Puerto Rico needs debt restructuring – economists’ report posted on media sites – Reuters


Struggling Caribbean island Puerto Rico needs to restructure its debts to bridge financing gaps in coming years, in what could be a precedent-setting move, according to a copy of a report by former IMF economists posted on websites of the island’s media.

Puerto Rico’s governor’s office and a spokesman for the Government Development Bank, which commissioned the report, were not immediately available to comment on the authenticity of the posted document.

The report gave a damning review of how Puerto Rico has arrived at its current problems and said it needed both structural reform and debt restructuring to fix – even suggesting the restructuring of general obligation debt, which investors usually regard as sacrosanct.

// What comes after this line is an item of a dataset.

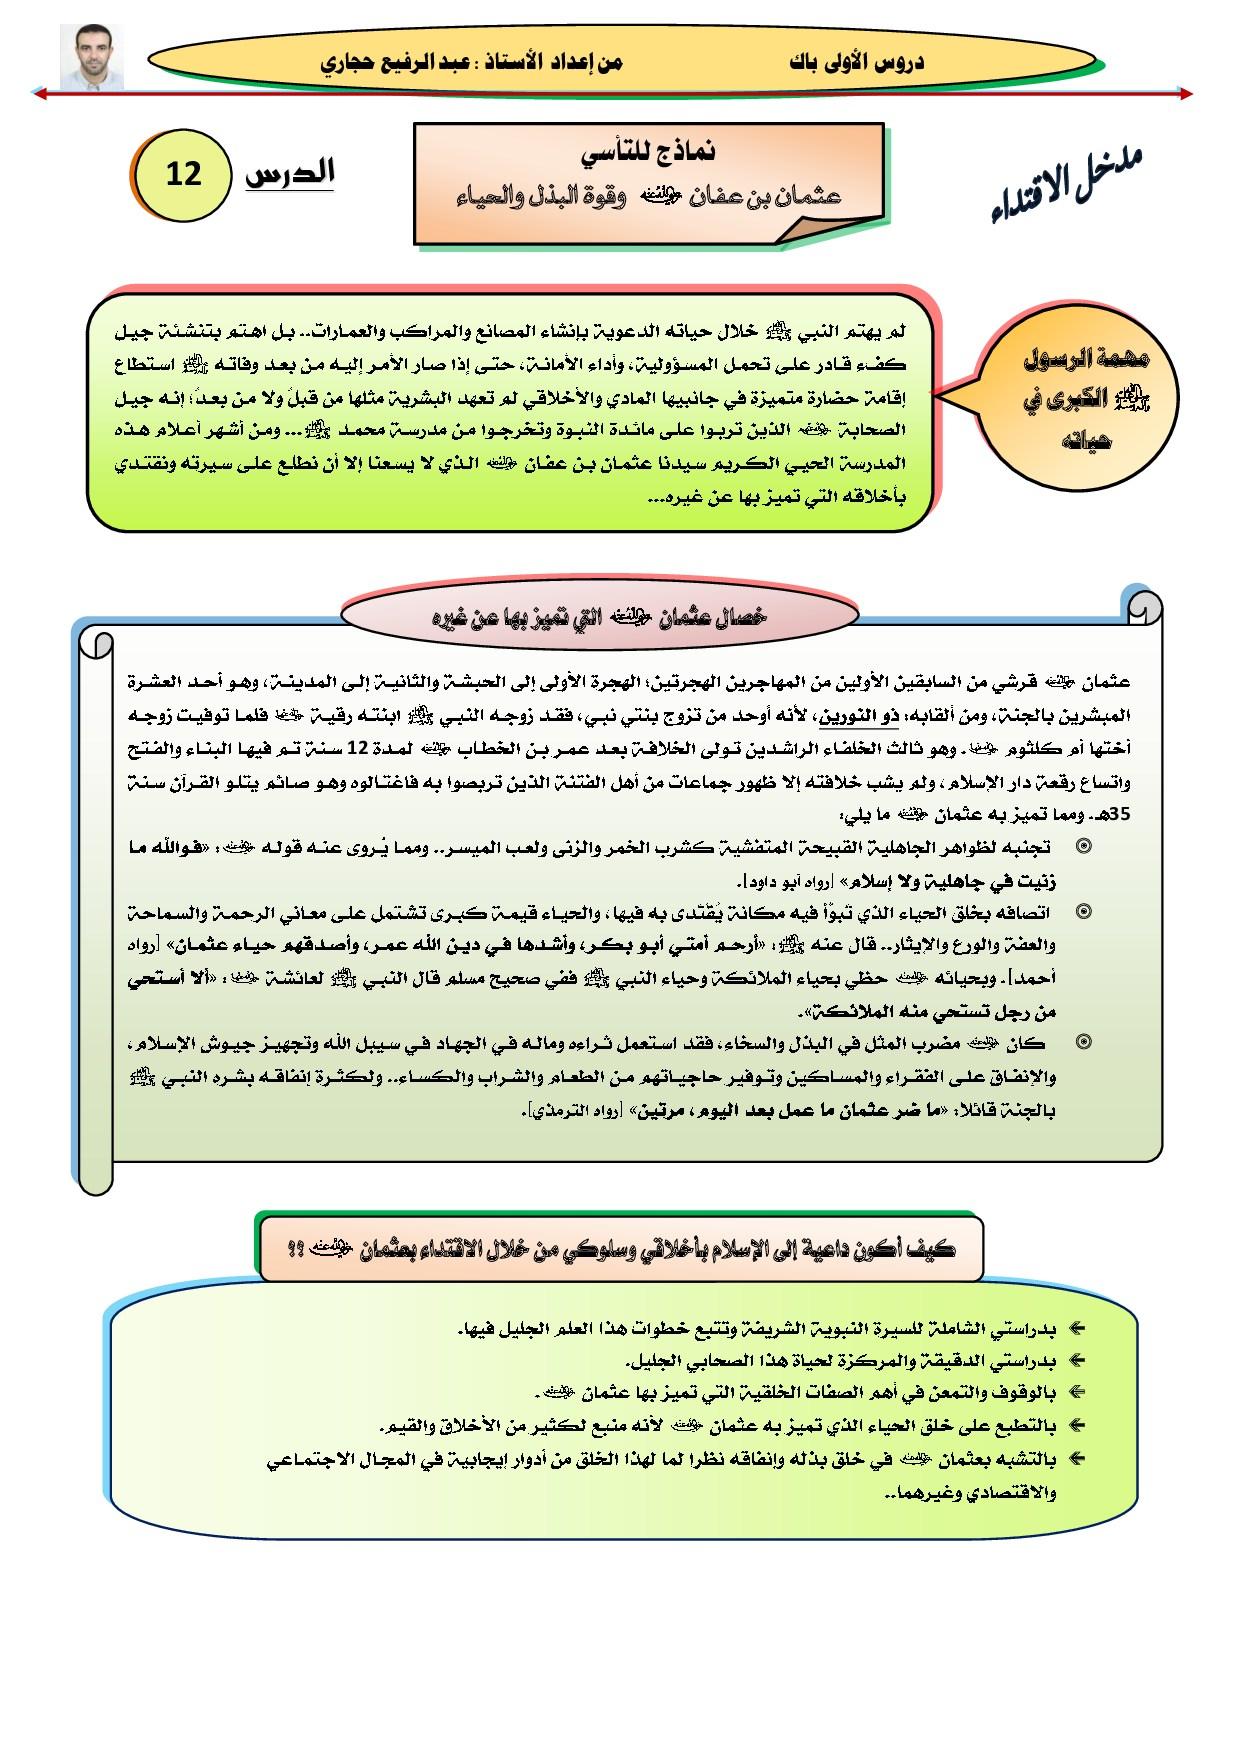 نماذج للتأسي عثمان بن عفان وقوة البذل والحياء ملخص الدرس Alloschool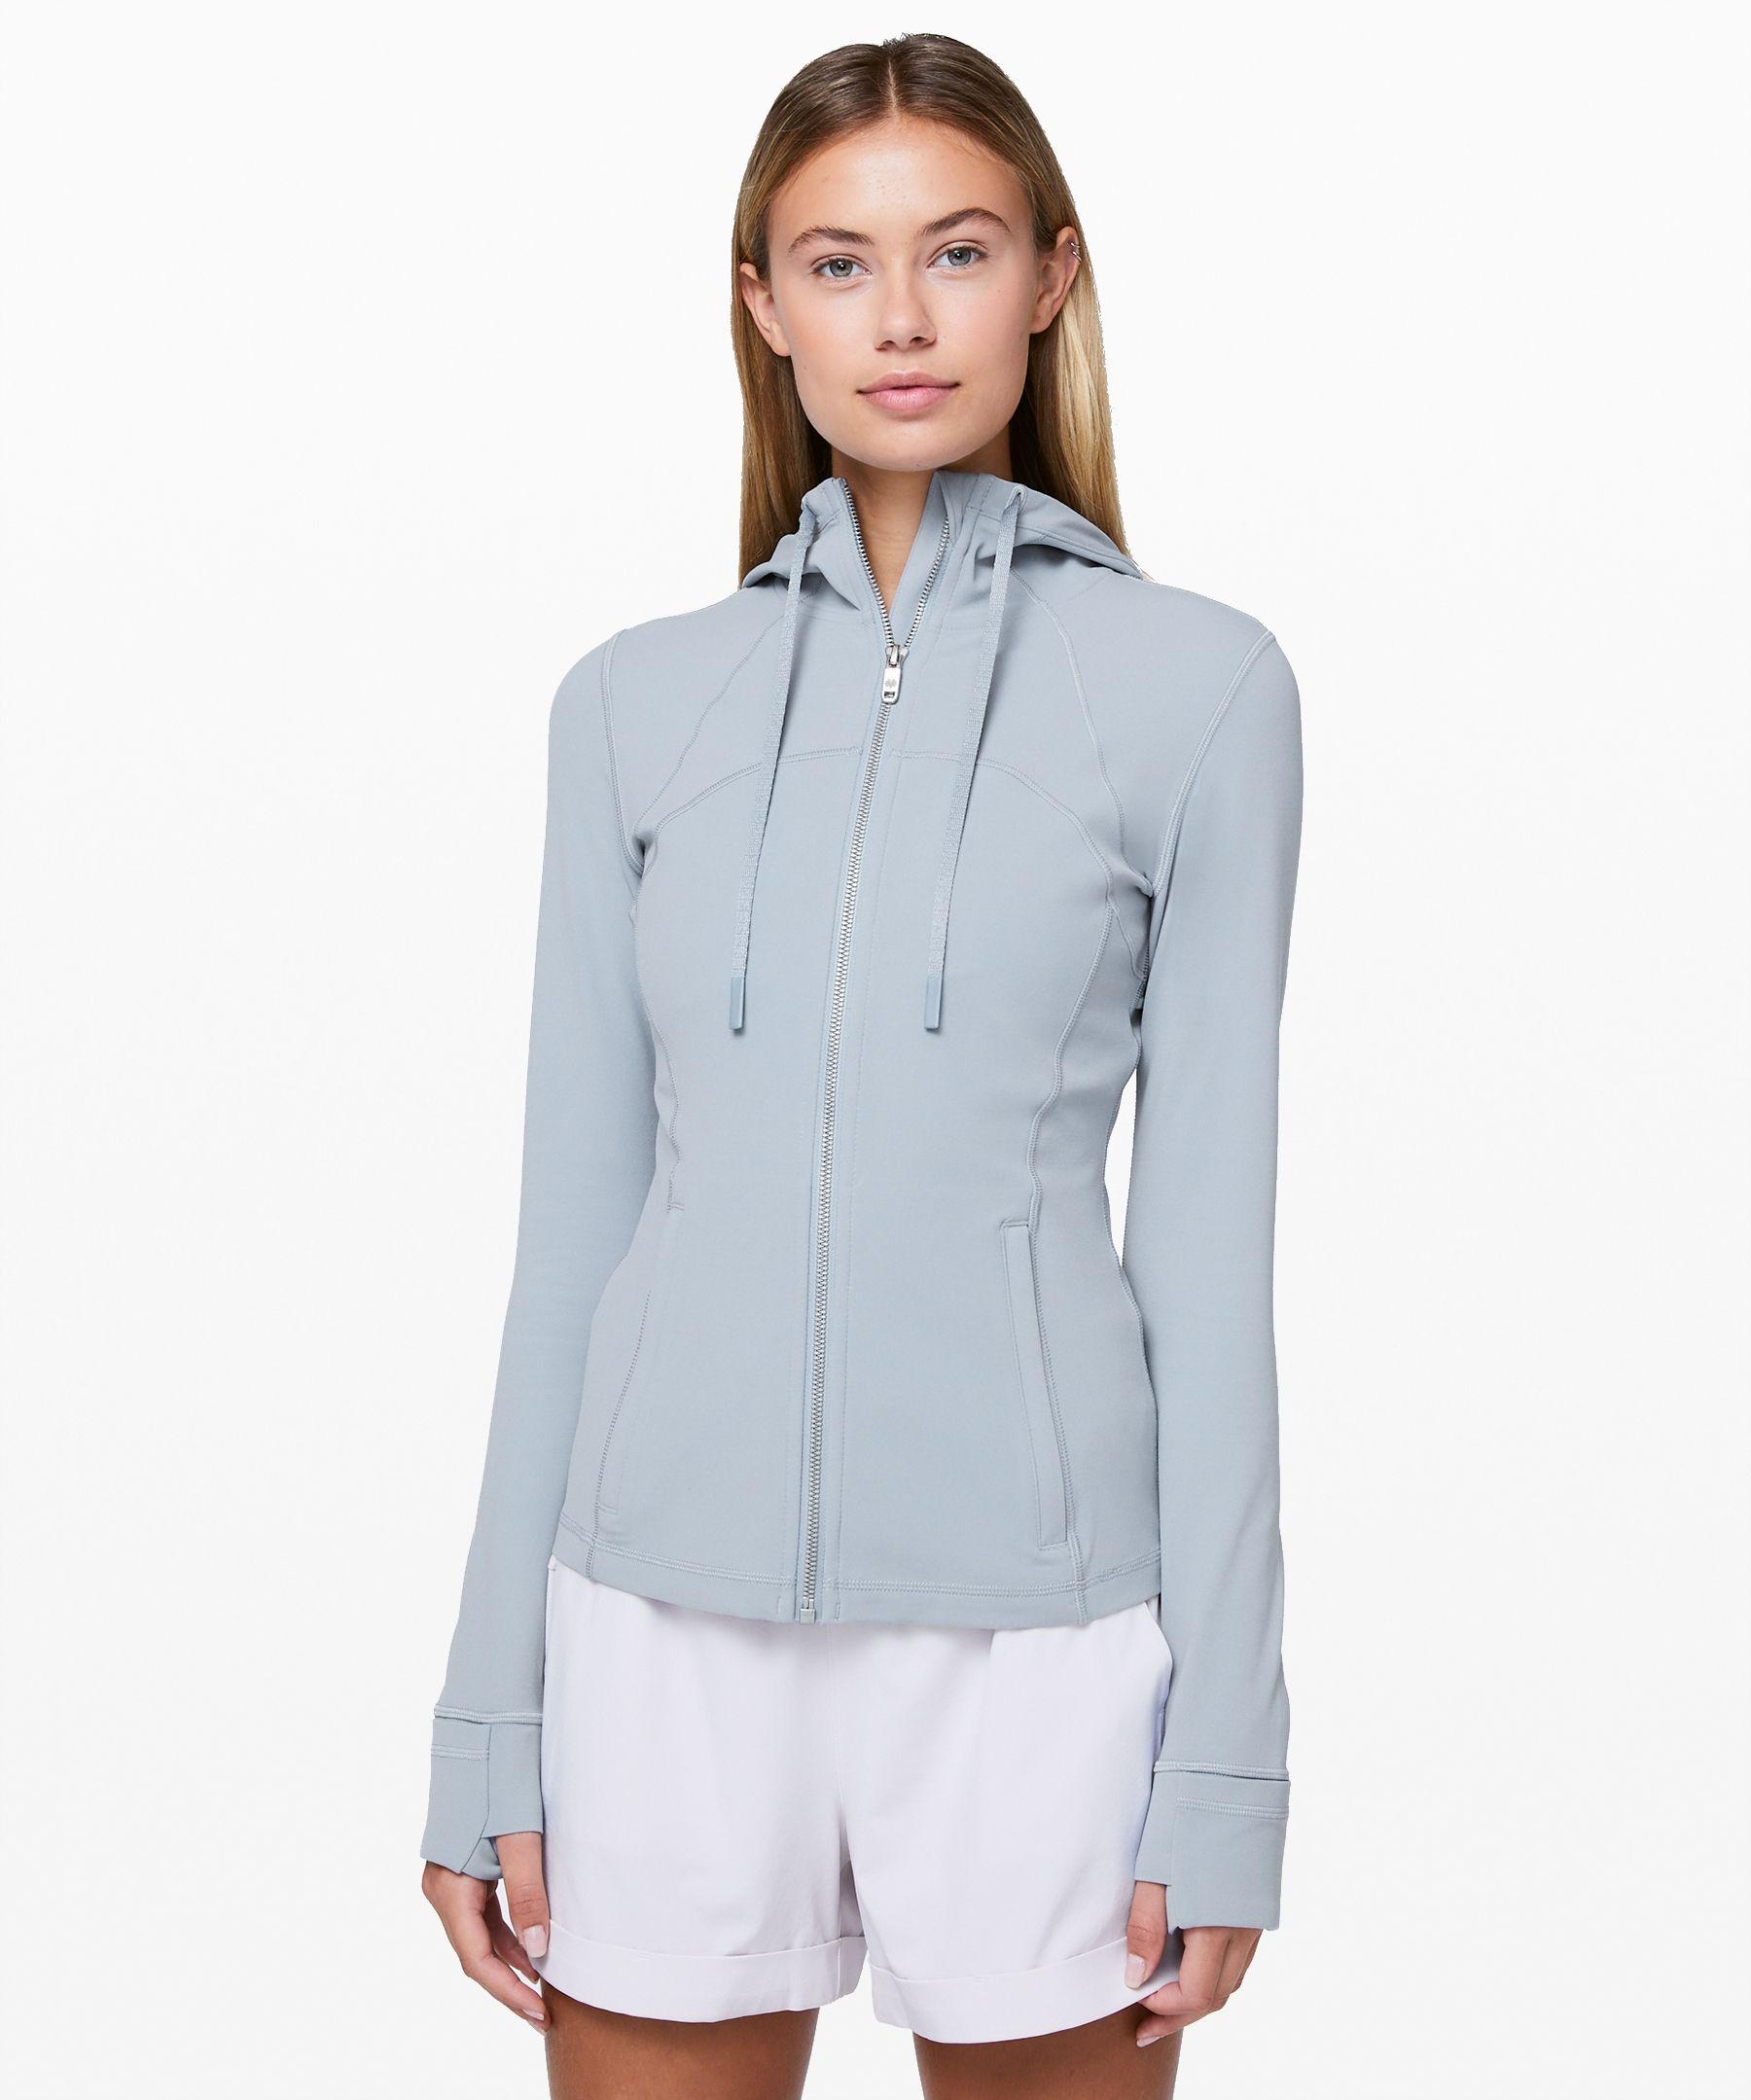 Hooded Define Jacket Nulu Women S Jackets Outerwear Lululemon In 2021 Jackets For Women Women Hoodies Sweatshirts Clothes [ 2159 x 1800 Pixel ]

Puerto Rico is struggling with a $73 billion debt load and faltering economy while its Government Development Bank is running low on cash. The island is facing crunch time this week with several bond payments while its struggling utility PREPA is in talks to avoid a possible default.

“Puerto Rico faces hard times,” the report said. “Structural problems, economic shocks and weak public finances have yielded a decade of stagnation, outmigration and debt… A crisis looms.”

The report was by former International Monetary Fund economists, who were engaged in February by the Government Development Bank to analyze the island’s economic and financial stability and growth prospects.

A co-author of the report did also not immediately respond to a request to verify its authenticity.

The island has the scope to raise revenue by $4 billion and save $2.5 billion annually by 2025, yet a large financing gap remains, implying the need for debt relief, and Puerto Rico would need to seek relief from principal and interest payments falling due from 2016 to 2023, the report says.

A debt restructure could be achieved via a voluntary exchange of existing bonds for new ones with a longer or lower debt service profile, the report said.

It noted that any restructuring of general obligation, or central government debt, would set a precedent as “no U.S. state has restructured (such debt) in living memory” and said any attempt would face legal challenge. However, it said there are limits to how much more expenditures can be cut or taxes raised.

The New York Times on Sunday cited Governor Alejandro Garcia Padilla as saying that the island’s debts were not payable and that creditors would probably have to take significant concessions such as five-year payment deferrals.

The economists’ report said that to increase competitiveness, the island should lower labor, electricity and transport costs. It must also overcome a legacy of weak budget execution and opaque data.